▶ _Exercise goal_
Leave out the pictures and retype, exactly, the lines below from the line with "Photo of COLLINS" up to and including the line with "OFF WHITE DRIPPING ARROWS S/S OVER T-SHIRT", nothing more.

▶ _Source material_
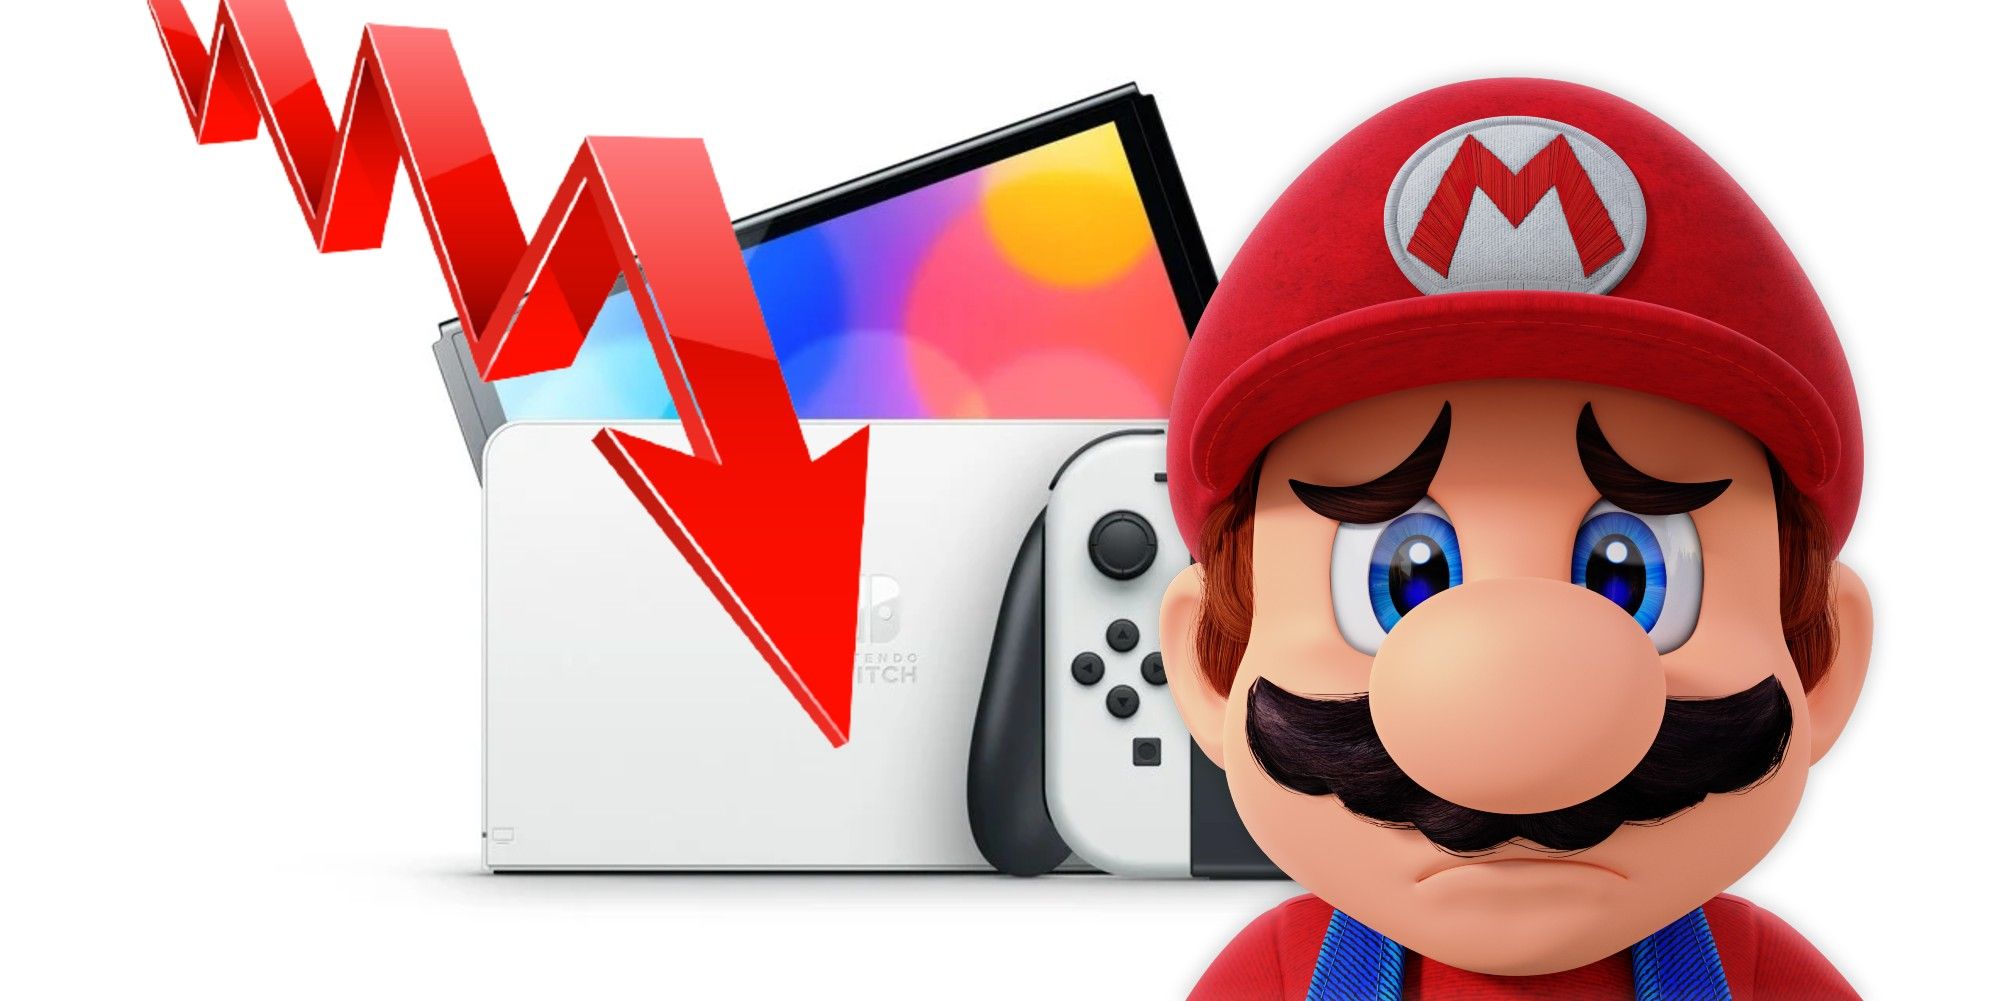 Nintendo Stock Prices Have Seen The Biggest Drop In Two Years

==

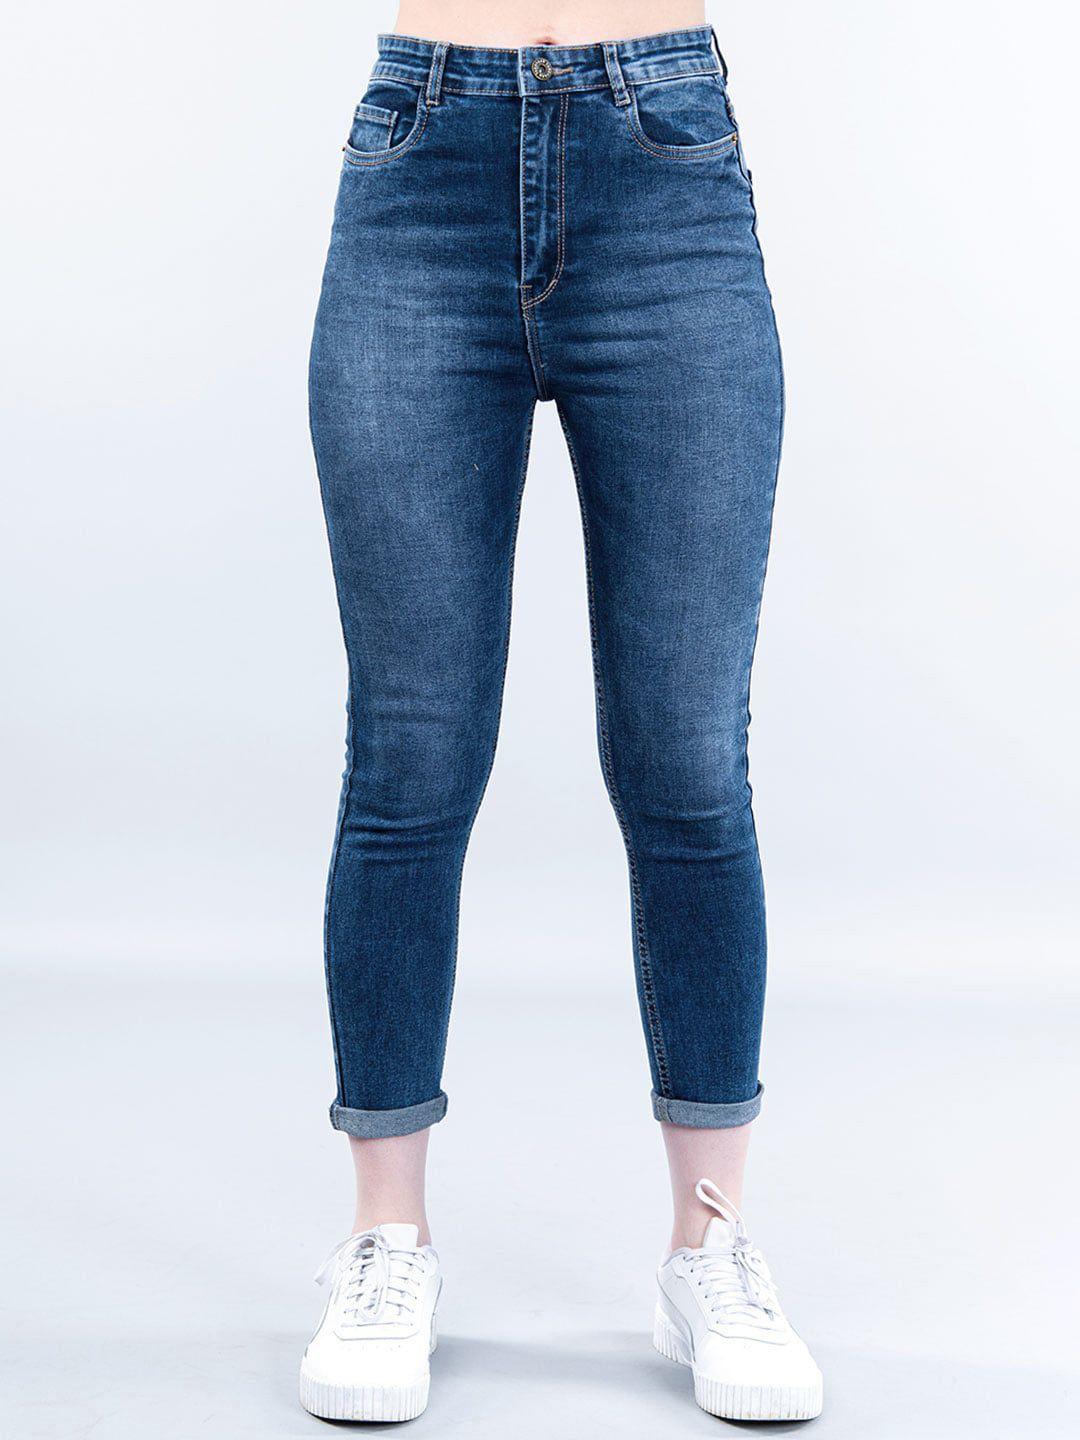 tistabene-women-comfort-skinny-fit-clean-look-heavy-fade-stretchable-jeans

--

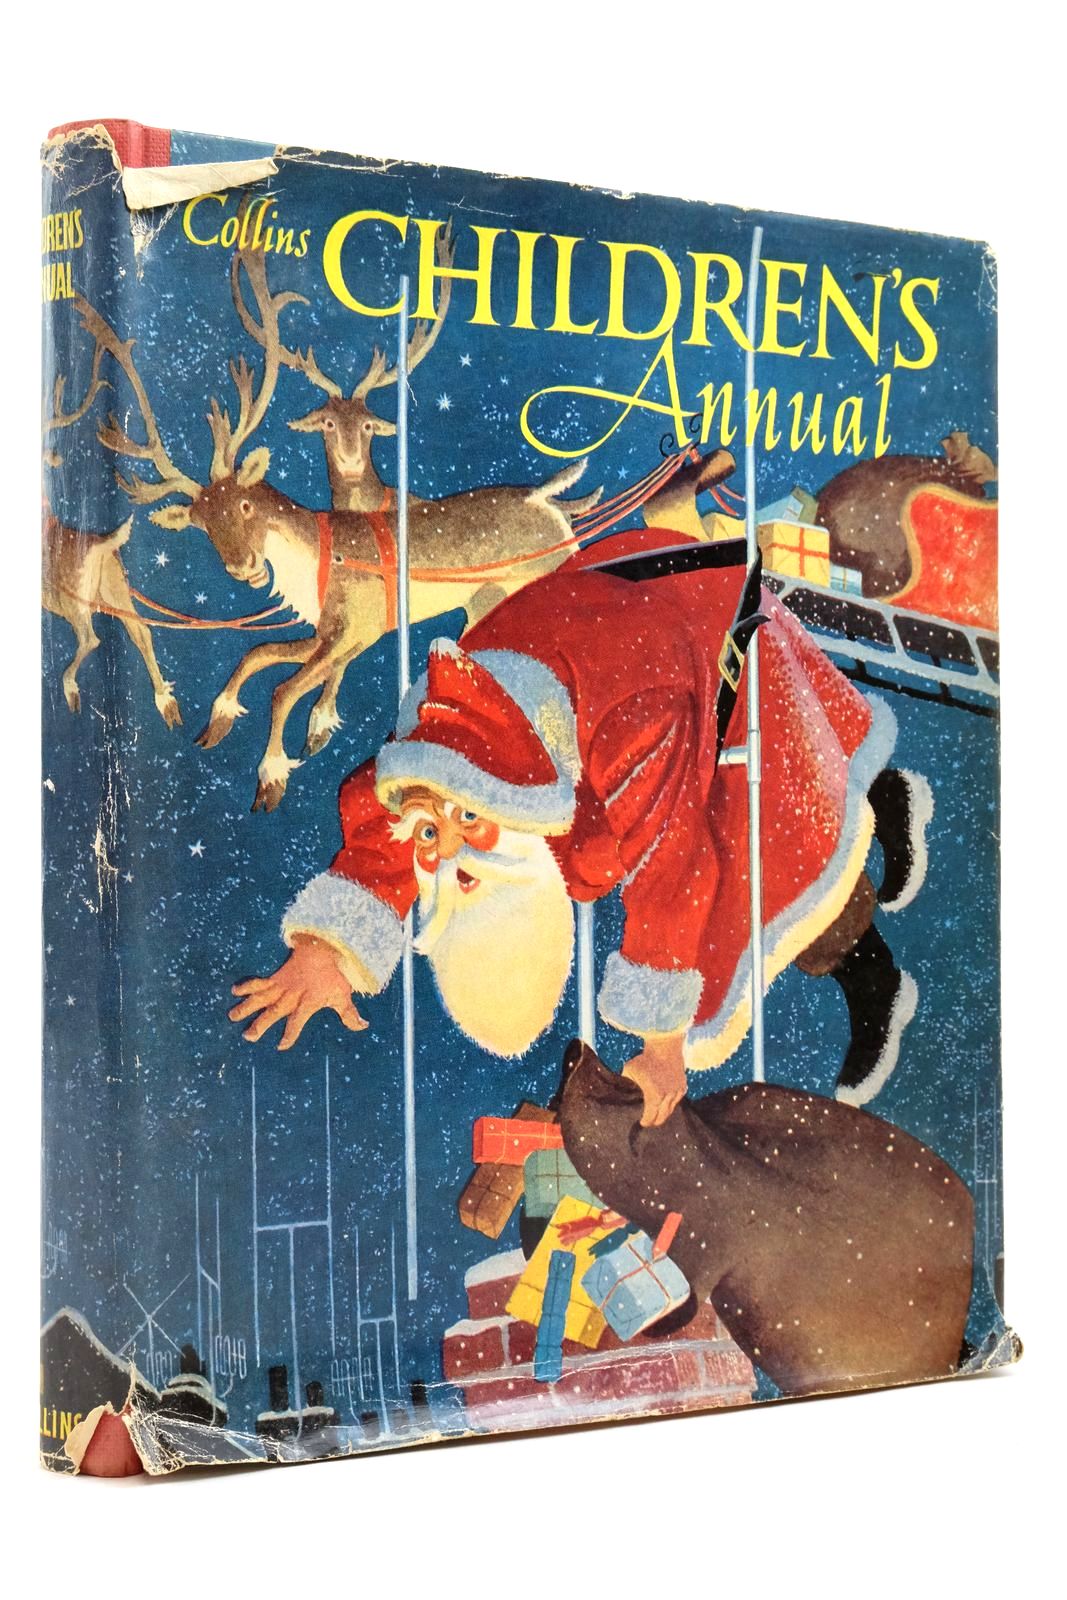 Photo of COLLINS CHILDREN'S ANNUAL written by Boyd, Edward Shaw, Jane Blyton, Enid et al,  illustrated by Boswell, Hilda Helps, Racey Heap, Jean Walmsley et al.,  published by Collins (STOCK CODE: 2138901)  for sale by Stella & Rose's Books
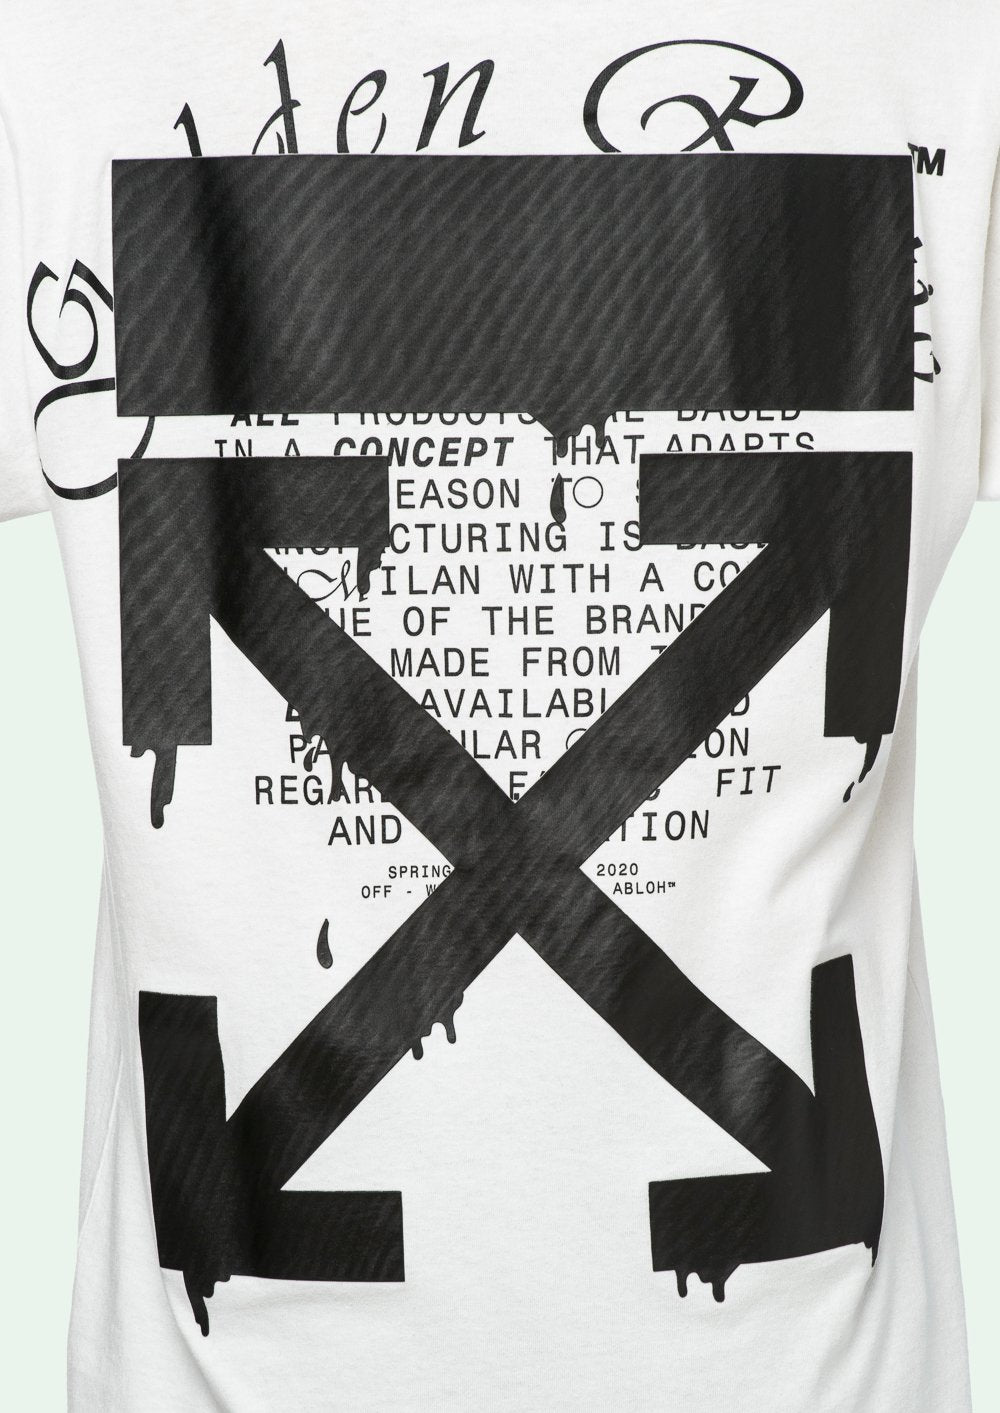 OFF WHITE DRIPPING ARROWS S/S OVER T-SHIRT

▶ _Solution to this task_
 Photo of COLLINS CHILDREN'S ANNUAL written by Boyd, Edward Shaw, Jane Blyton, Enid et al,  illustrated by Boswell, Hilda Helps, Racey Heap, Jean Walmsley et al.,  published by Collins (STOCK CODE: 2138901)  for sale by Stella & Rose's Books
 OFF WHITE DRIPPING ARROWS S/S OVER T-SHIRT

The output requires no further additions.